Bootcamps can help people switch careers, says study

New paper finds that learning collectives such as bootcamps can facilitate entry into many skilled occupations

Breaking into a skilled occupation can be difficult for career switchers who do not have the means or the time to go back to school and pursue formal education, but a new study from Bayes Business School (formerly Cass) has found that coding bootcamps and similar learning collectives offer a way for novices without formal training to break into skilled professions.

In this new study, Dr Ece Kaynak, Lecturer in Organisational Behaviour at Bayes Business School, examined coding bootcamps in the San Francisco Bay Area over 17 months, finding over the course of 80 interviews and eight months of observation that bootcamps support learning collectives.

According to the study, learning collectives are composed of peers and near peers who learn collaboratively and purposefully to reach a shared goal. Dr Kaynak found that coding bootcamps enable aspiring programmers to progress from novice outsiders to hireable software developers, despite limited expert training and situated learning opportunities, such as internships and new graduate roles that are reserved for formally trained novices.

In particular, the study found that bootcamps facilitated occupational learning in three ways:

  • Pair programming and group projects (‘peer team structures’) turned what is normally a solitary activity – writing code – into a collaborative endeavour and facilitated peer-to-peer knowledge exchange.
  • Near-peer role structures, in the form of near-peer instructor, teaching assistant, and mentor roles, engaged recent graduates in teaching and mentorship relationships with novices so that aspiring coders could access knowledge quickly and easily.
  • Bootcamps encouraged aspiring coders to develop self-learning skills. This prepared novices for learning beyond the bootcamp curriculum and socialised them for an occupation with high learning demands.

The outcome of this process was that novices developed both occupational skills and new perceptions of themselves as software developers.

Dr Kaynak said:

“Many career switchers who are unable to go back to school or take on internships and apprenticeships may find themselves in the position of novice outsiders trying to break into an occupation. For people in this situation, learning collectives such as bootcamps could facilitate entry into many skilled occupations.

“Despite their short duration, I found that bootcamps structured learning and peer-to-peer knowledge-sharing dynamics in such a way that career switchers could accelerate their learning and break into a skilled occupation, i.e. software development.

“Lastly, if employers are interested in developing alternative talent pipelines into programming and related jobs, then there appears to be a need for designing situated learning opportunities, such as apprenticeships, for people pursuing alternative reskilling pathways such as bootcamps.
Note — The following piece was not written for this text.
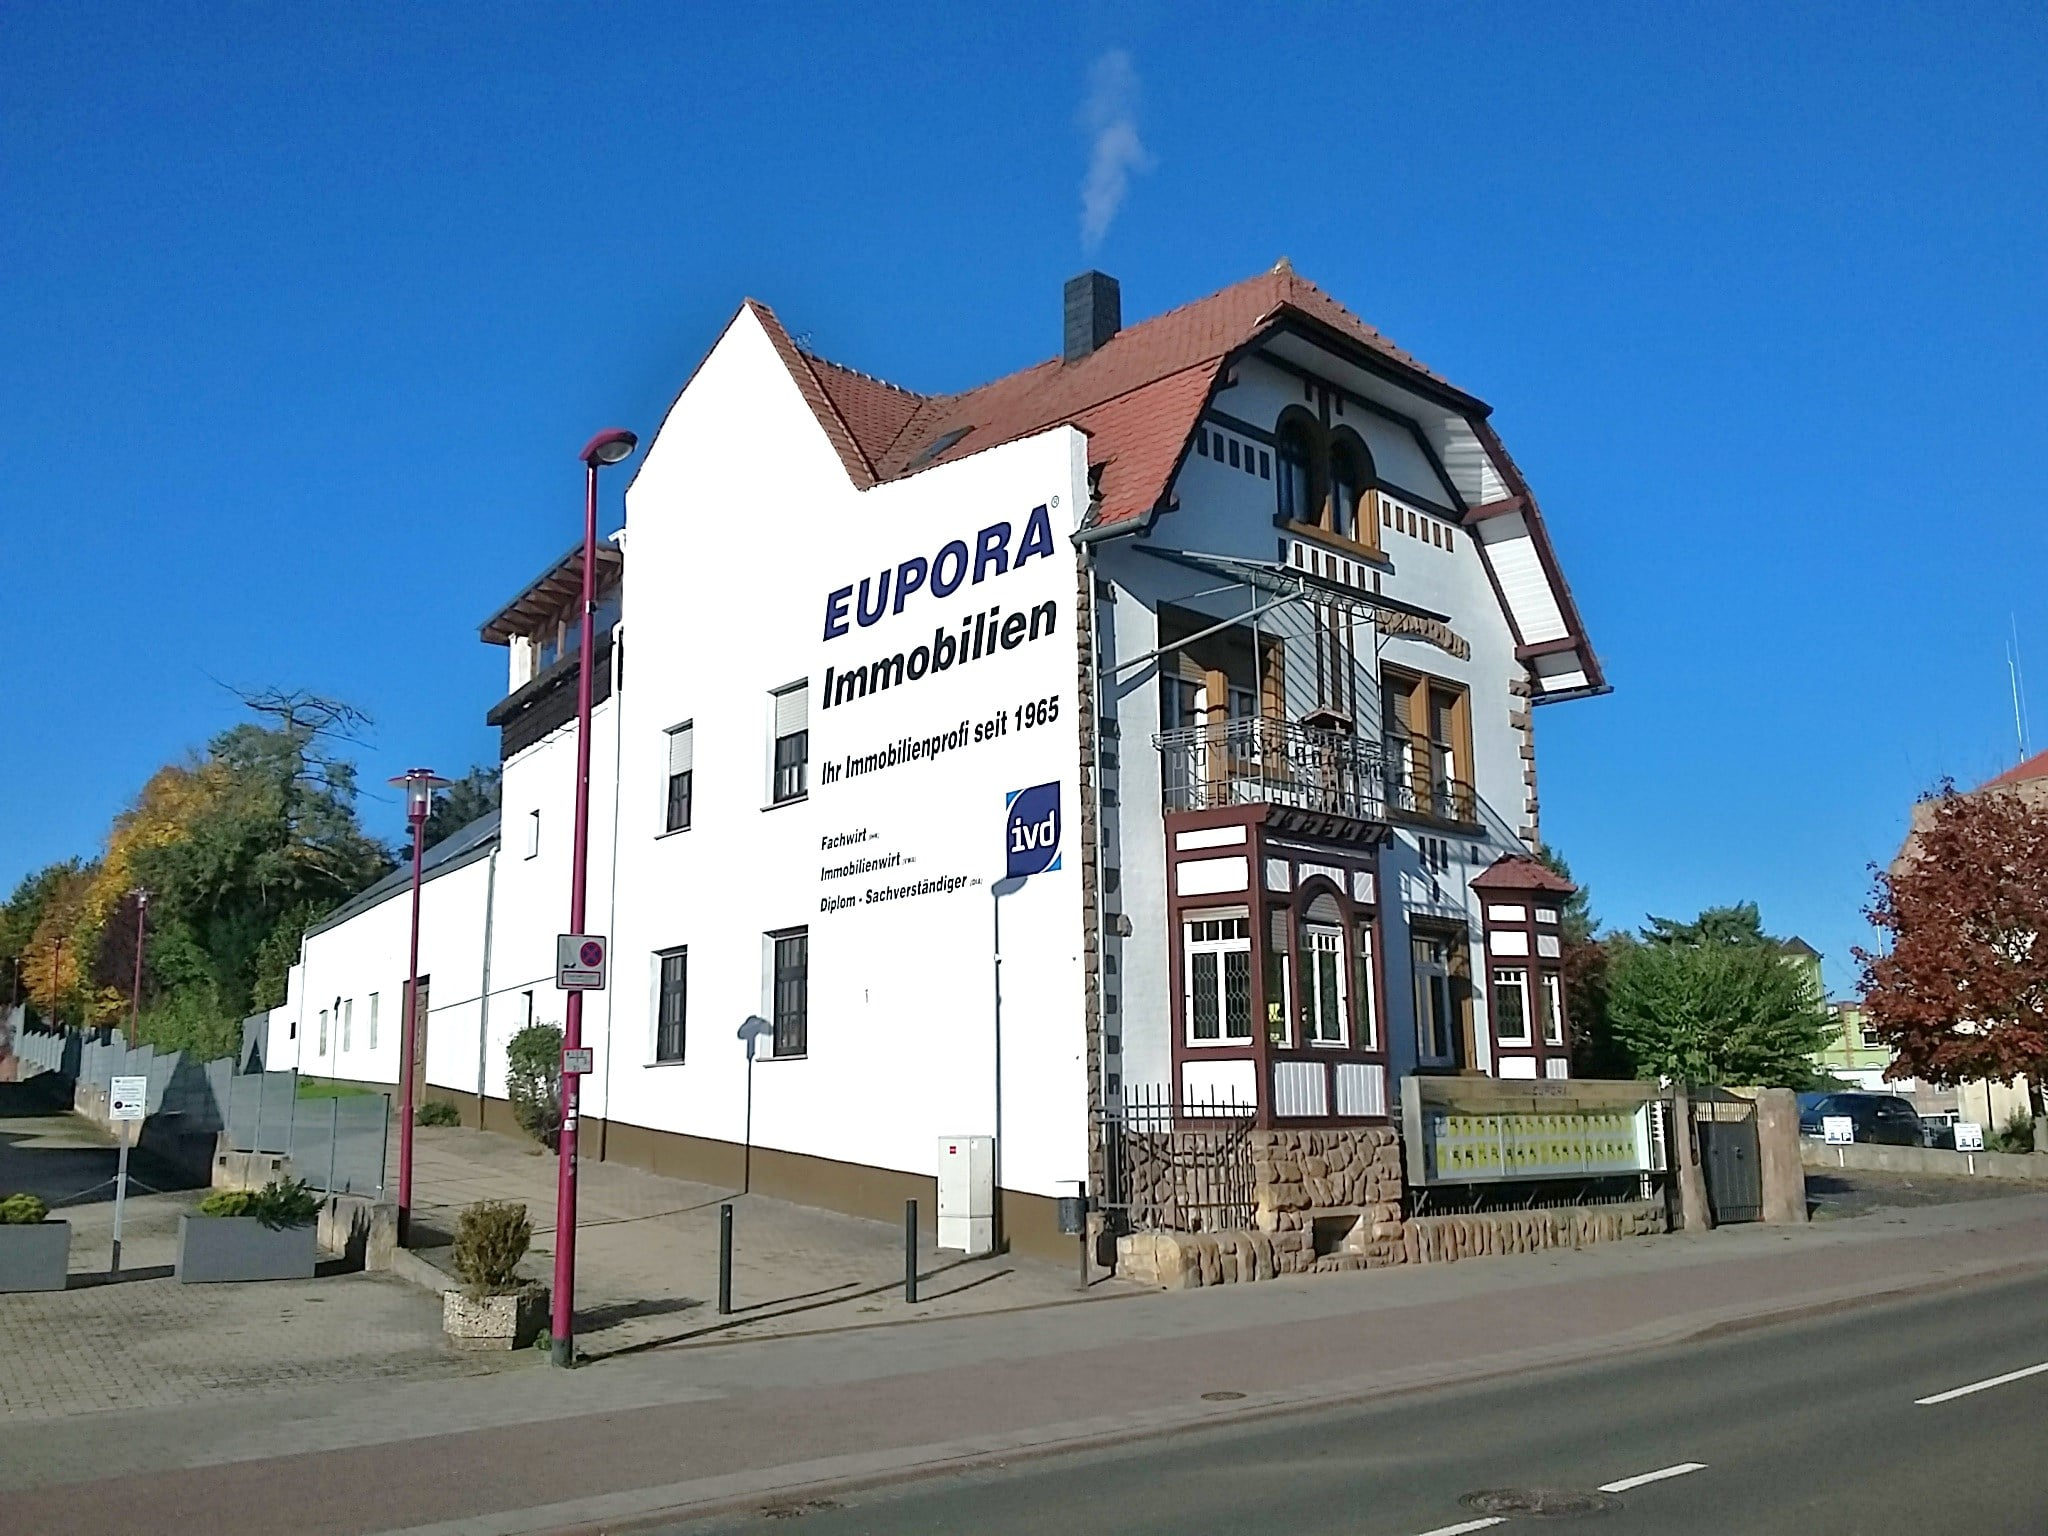 EUPORA-Immobilien

At the time this fieldwork took place, very few technology companies offered internships/apprenticeships for bootcamp graduates. Providing such on-the-job learning opportunities would be greatly helpful in integrating aspirants coming from non-traditional backgrounds.”

“Leveraging Learning Collectives: How Novice Outsiders Break into an Occupation” by Dr Ece Kaynak (Bayes Business School) has been published in Organization Science.